VMware ESXi 4.1.x Embedded
VMware ESX 4.1.x
VMware ESXi 4.1.x Installable

Cause

To avoid performance problems, the ESX/ESXi NUMA scheduler is coded to initially place virtual machines on a node where the most memory is available. If the nodes have very little memory, the scheduler uses a round robin algorithm to place virtual machines onto NUMA nodes. This typically only occurs when powering on a virtual machine.
With vMotion, the copy of the memory happens before the worlds are completely initiated. A single node is chosen as the home node to preserve memory locality and virtual machines are all placed on the single node.
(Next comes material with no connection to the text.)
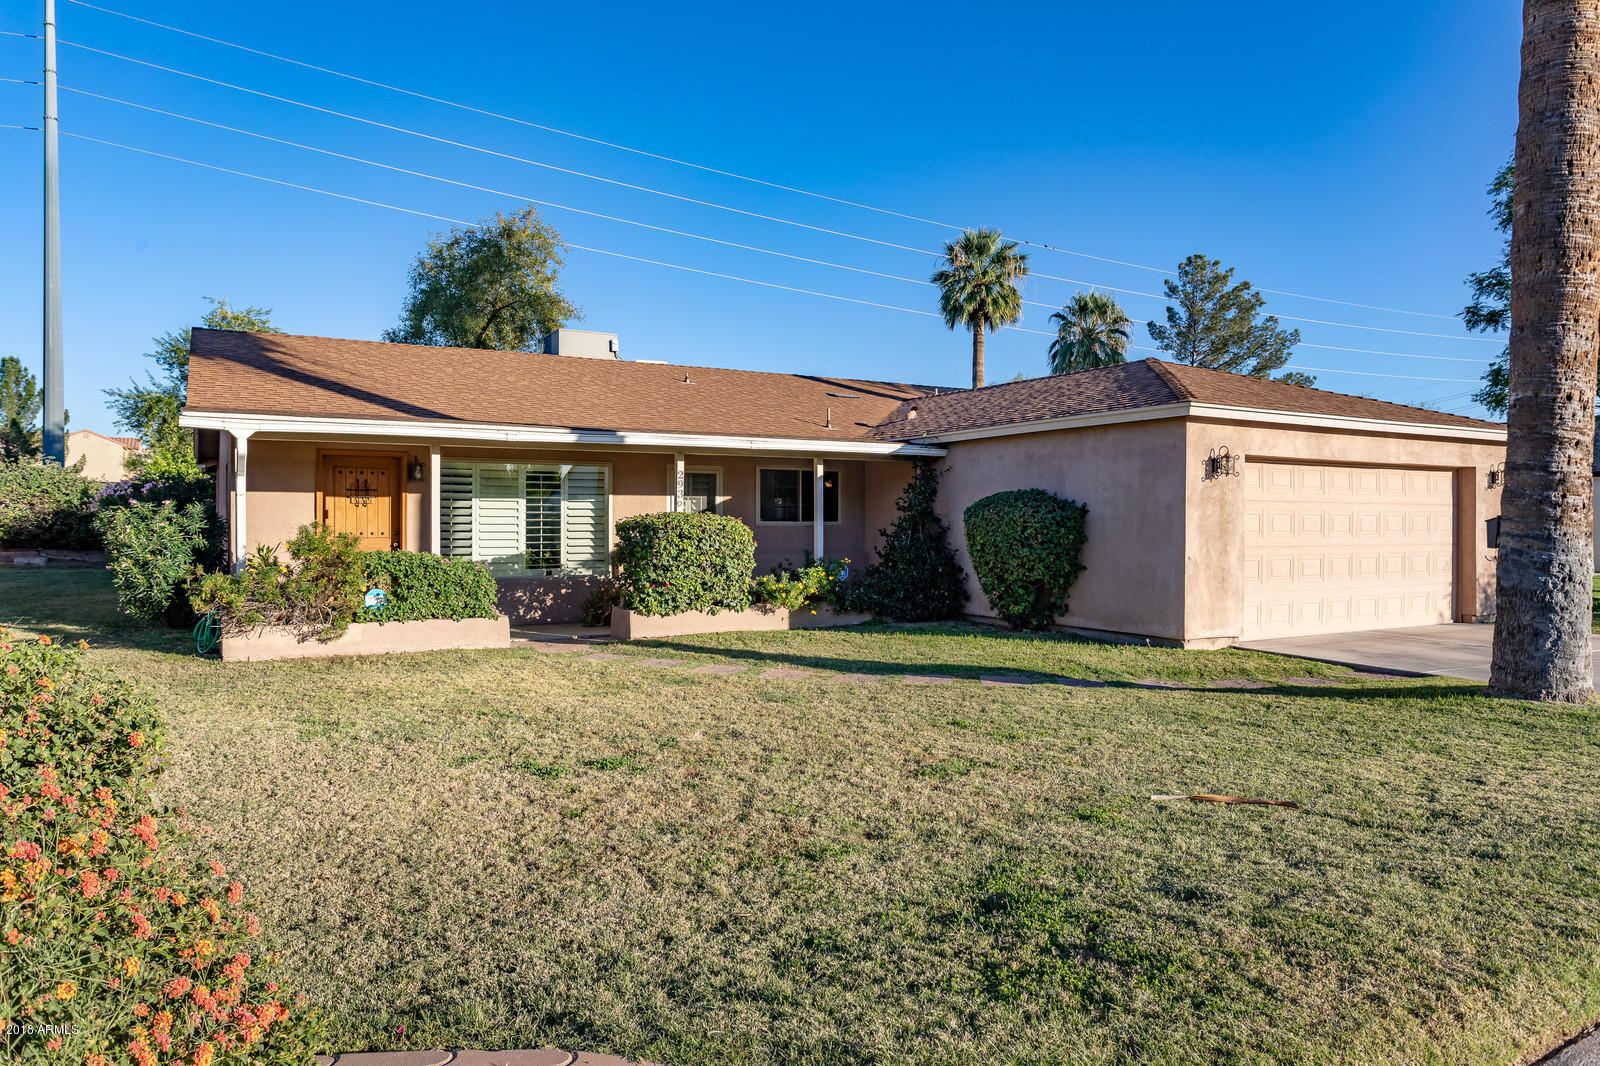 Photo of 2939 N 47TH Place, Phoenix, AZ 85018

Performance issues can occur if there is a light workload running on the ESX/ESXi host. Under light workloads, NUMA node migrations do not occur as there is not enough load to warrant a migration.

Resolution

This issue is resolved in ESX/ESXi 4.1 Update 2. For more information, see the Resolved Issues section of the VMware ESX/ESXi 4.1 Update 2 Release Notes.
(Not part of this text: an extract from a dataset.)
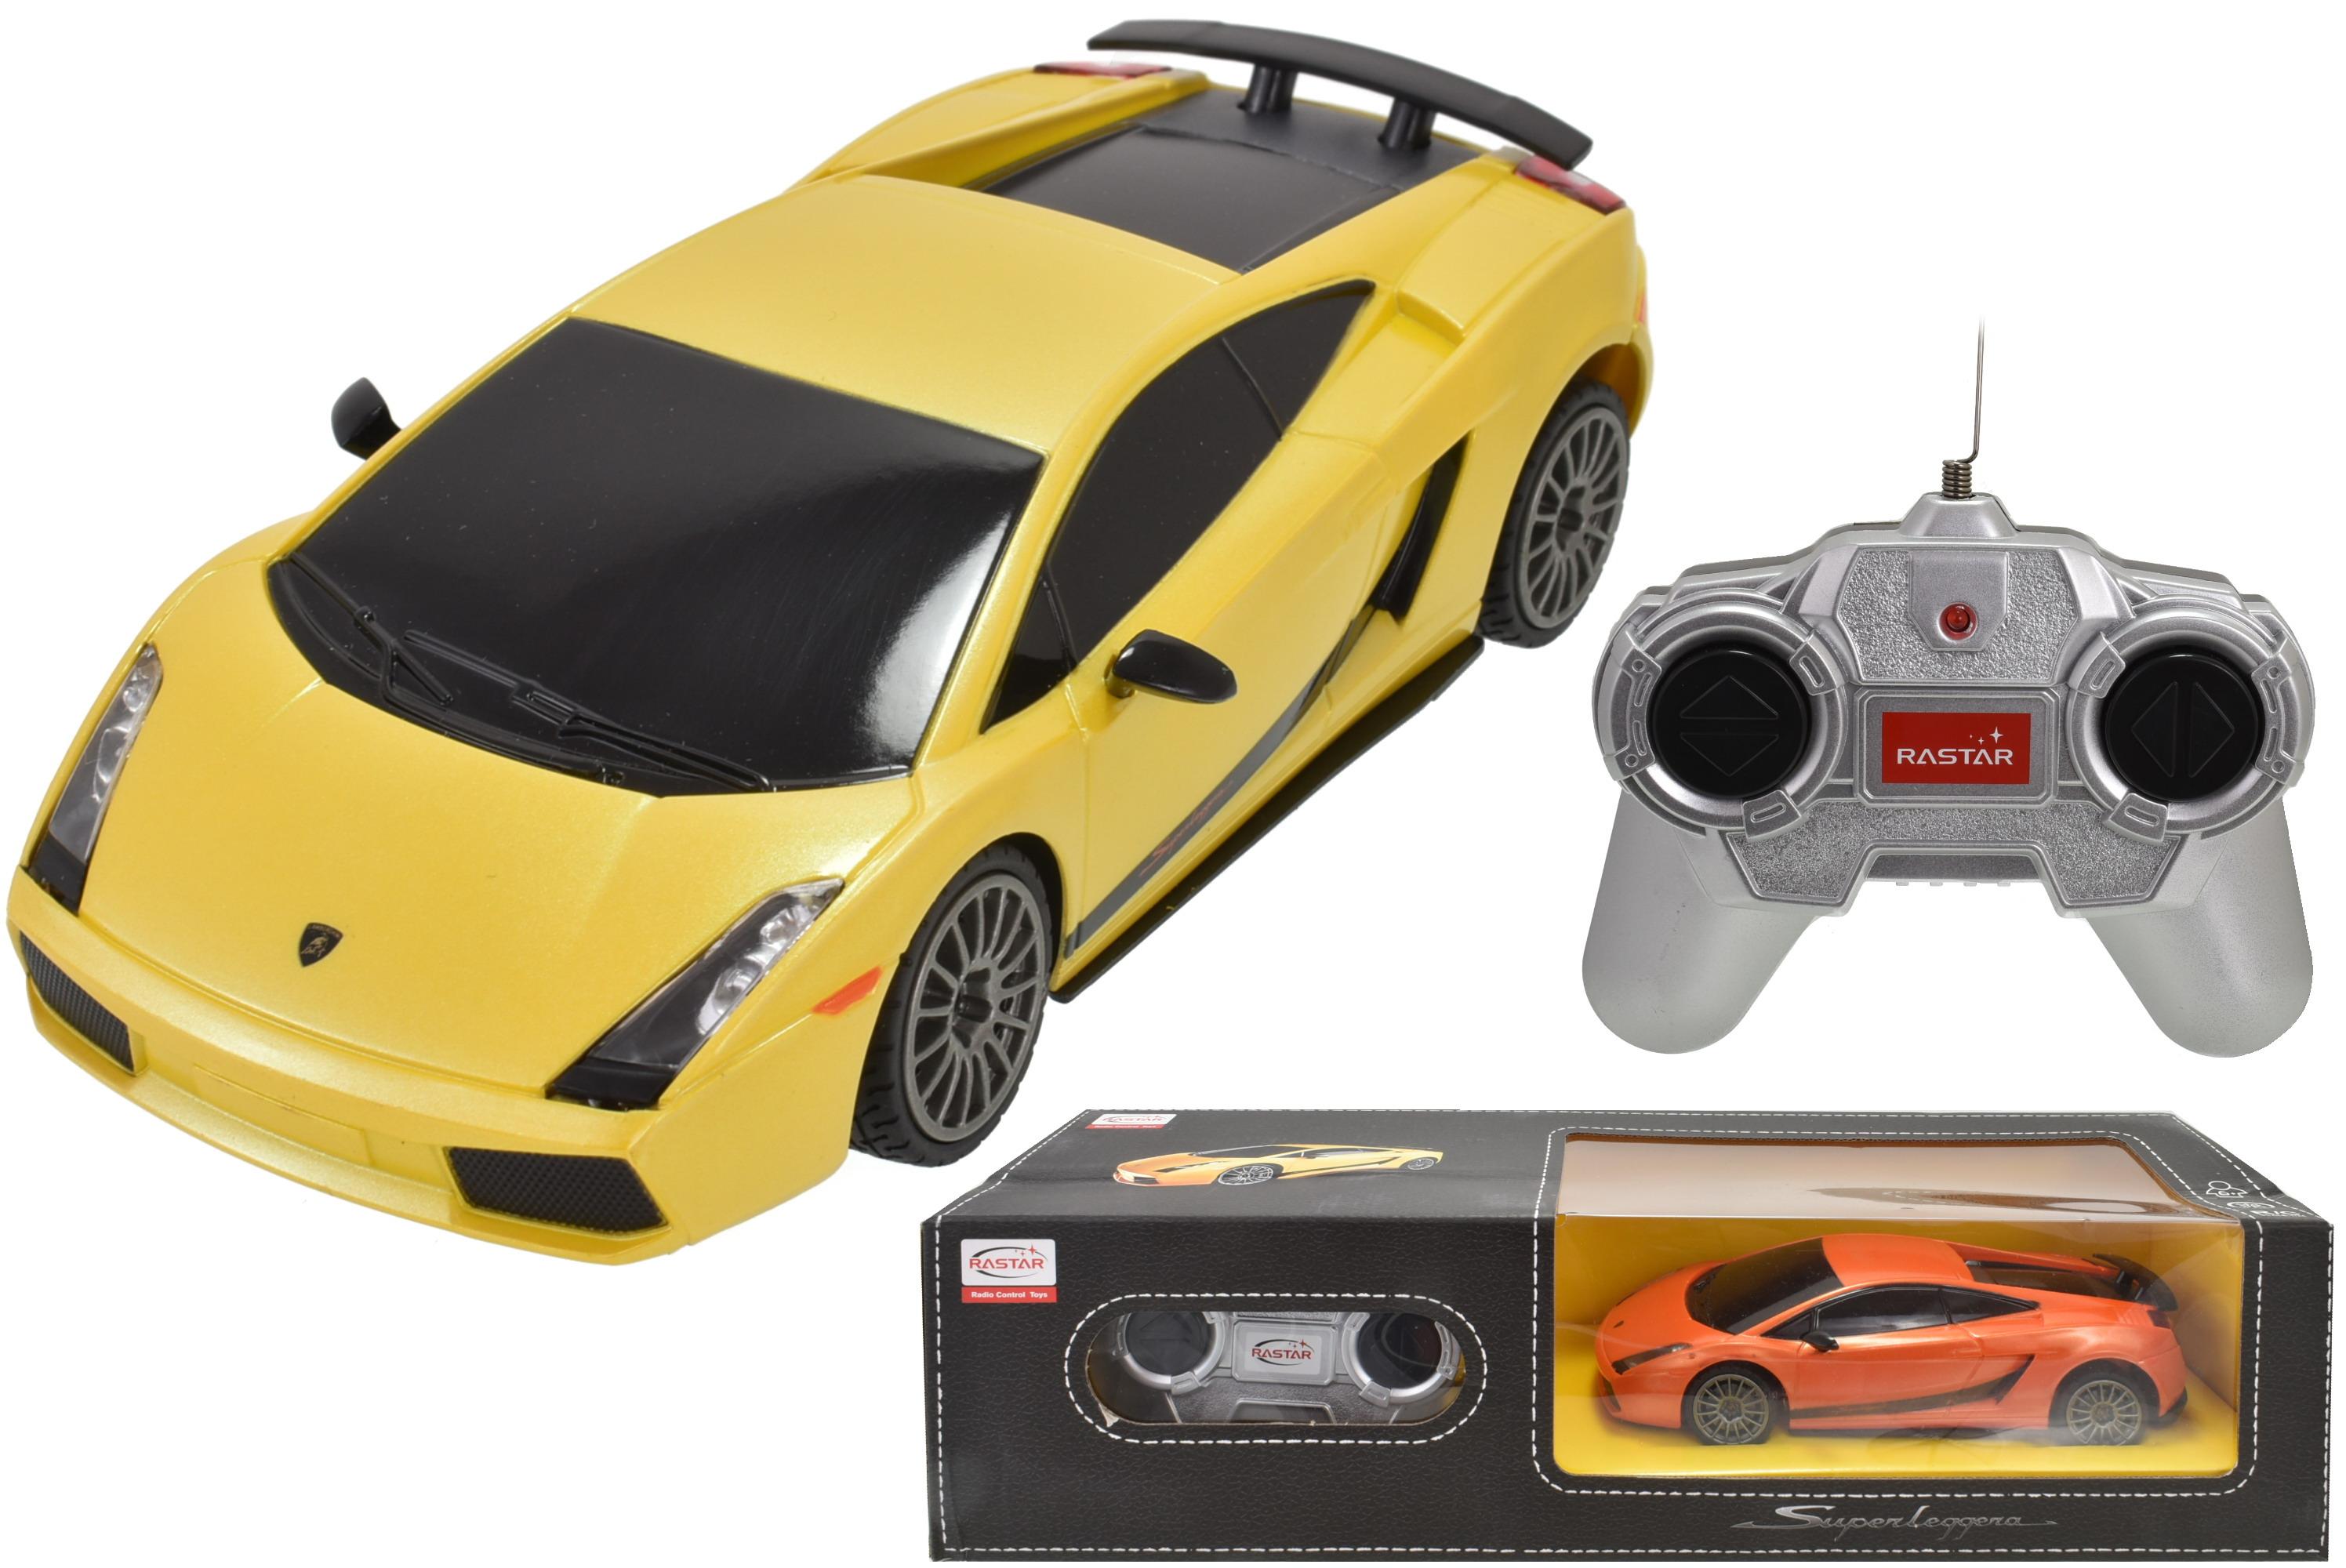 R/C Lamborghini 1:24sc In Window Box

Note: In some instances, this issue may still be encountered in ESX/ESXi 4.1 Update 2. VMware is aware of this issue.

To work around this issue when you do not want to upgrade to ESX/ESXi 4.1 Update 2, disable NUMA on the system by enabling Node Interleaving from the BIOS of the server. For more information on disabling node interleaving, see Performance Best Practices for VMware vSphere 4.1.